No problem Steve....I'm retired....I got time. Its harder to post a pic on a reply w/ tapatalk....you kinda gotta go about it the back way. That's why I said next time. Yea I know about those knowledgeable grandkids also... I got several of them myself!


----------



## SPF_150 (Oct 8, 2014)

Going back out again today, Steve?


----------



## SteveCal (Jun 21, 2014)

No Sir. Friday sometime.

After attending that Flounder Seminar I have a hankering for some flounder. BUT. I like the surf.:thumbup:

I live near DeFuniak Springs so every salt water fishing day is an adventure for me. I'm about done with anymore pier or night fishing.

You going out? Where?


----------



## GROUPERKING (Sep 28, 2011)

Here's your blue fish and pompano


----------



## SteveCal (Jun 21, 2014)

Thank you Sir. You are a true gentleman. (OMG! Hope its not a woman and I'm saying Sir.:001_huh


----------



## Mac1528 (Mar 24, 2012)

Grouperking?? A woman?? Bahahaha...how about Grouperqueen??? Nah, we like him the way he is!!


----------



## GROUPERKING (Sep 28, 2011)

Your welcome


----------



## SteveCal (Jun 21, 2014)

Mac1528 said:


> Grouperking?? A woman?? Bahahaha...how about Grouperqueen??? Nah, we like him the way he is!!


I sometimes miss those little clues. I rekon thats why the little woman has been sending me out fishin'-n-huntin' the last 50 years?


----------



## SPF_150 (Oct 8, 2014)

Got out late this afternoon, just before sunset. Was heading away from the Pensacola Pier and stopped at the first public beach pull off, which I think is the start of the Gulf Islands Nat'l seashore.
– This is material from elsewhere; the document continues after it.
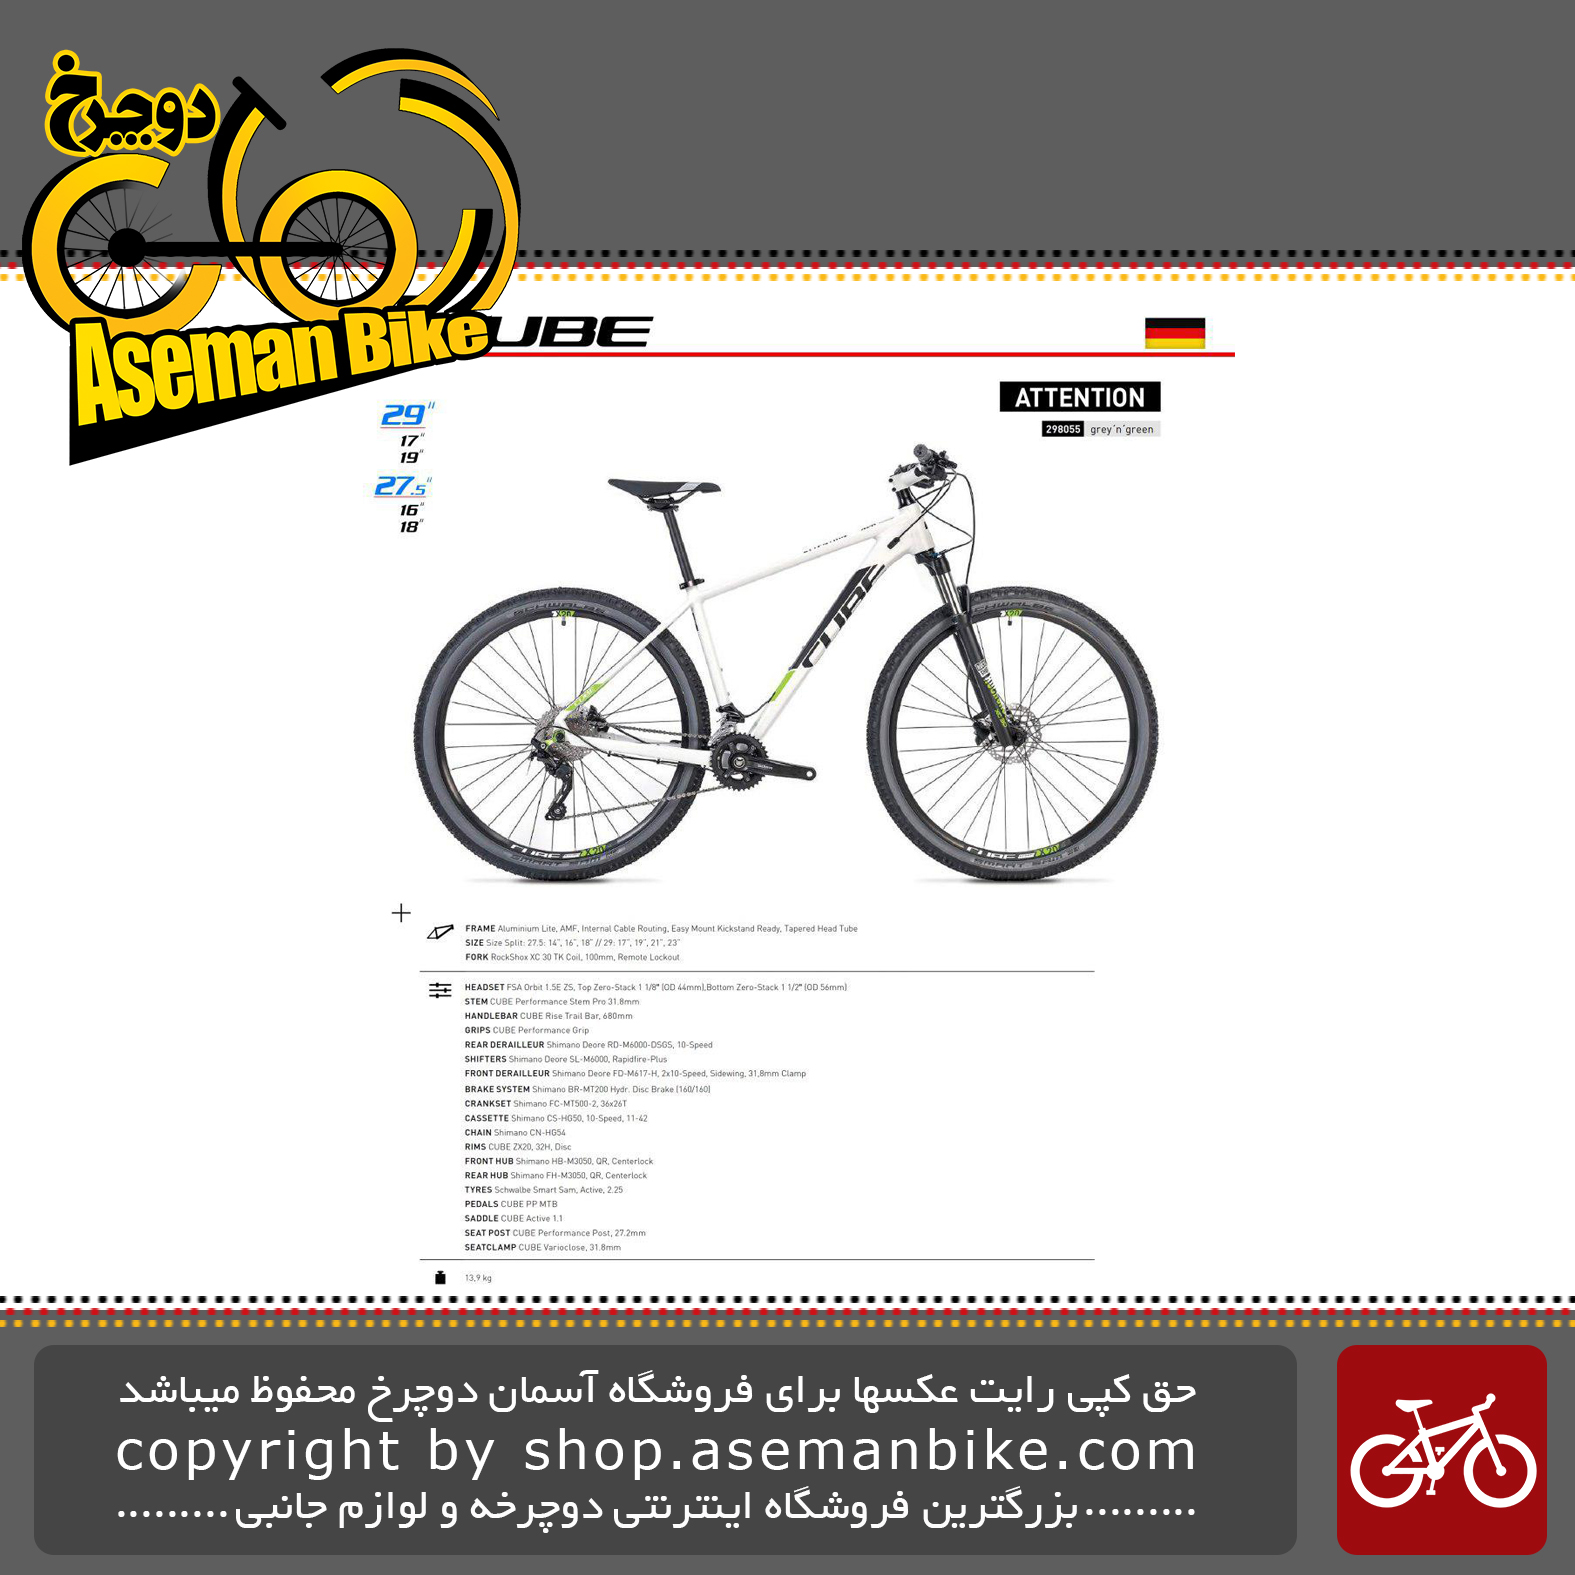 دوچرخه کوهستان کیوب مدل اتنشن سبز و خاکستری سایز 29 2019 CUBE Mountain Bicycle Attention 29 2019

Tried a Carolina rigged flea, nothing touched it. Quickly switched to the trusty spoon after seeing a couple lady fish jumping. This area looked much deeper than where I was fishing, so I'll be heading back at some point.


----------



## SteveCal (Jun 21, 2014)

SPF_150 said:


> Got out late this afternoon, just before sunset. Was heading away from the Pensacola Pier and stopped at the first public beach pull off, which I think is the start of the Gulf Islands Nat'l seashore.
> 
> Tried a Carolina rigged flea, nothing touched it. Quickly switched to the trusty spoon after seeing a couple lady fish jumping. This area looked much deeper than where I was fishing, so I'll be heading back at some point.


I caught the Pompano about 100 yards past the entrance to the parking area. Road is close to the water. Water is deep there right at the edge.


----------



## SteveCal (Jun 21, 2014)

GROUPERKING said:


> Here's your blue fish and pompano
> 
> View attachment 377274
> 
> ...


Am I correct in my fish ID? I know thats a Pompano. The other I'm not sure. The line down the side throws me off. I thought Bluefish. Now I'm thinking Amberjack?

I baked the Pompano at 400 degrees for 40 minutes. Olive oil, lightly salted and peppered, lemon slices, wrapped in aluminum foil. I was unsure about the recipe and hoped for the best. Four of us devoured the fish. Now they are asking when I'm going for more Pompano.:thumbup:


----------



## huntinpanic (Oct 28, 2012)

That is a bluefish. Not quite the best table fare especially when you got that nice pomp. I always keep the bluefish for bull red and shark bait.


----------



## SteveCal (Jun 21, 2014)

huntinpanic said:


> That is a bluefish. Not quite the best table fare especially when you got that nice pomp. I always keep the bluefish for bull red and shark bait.


O.K. Dumb question. What size hook and how do you cut up the Bluefish for Reds? Surely you don't use the whole fish? How big a bait will a Red take?


----------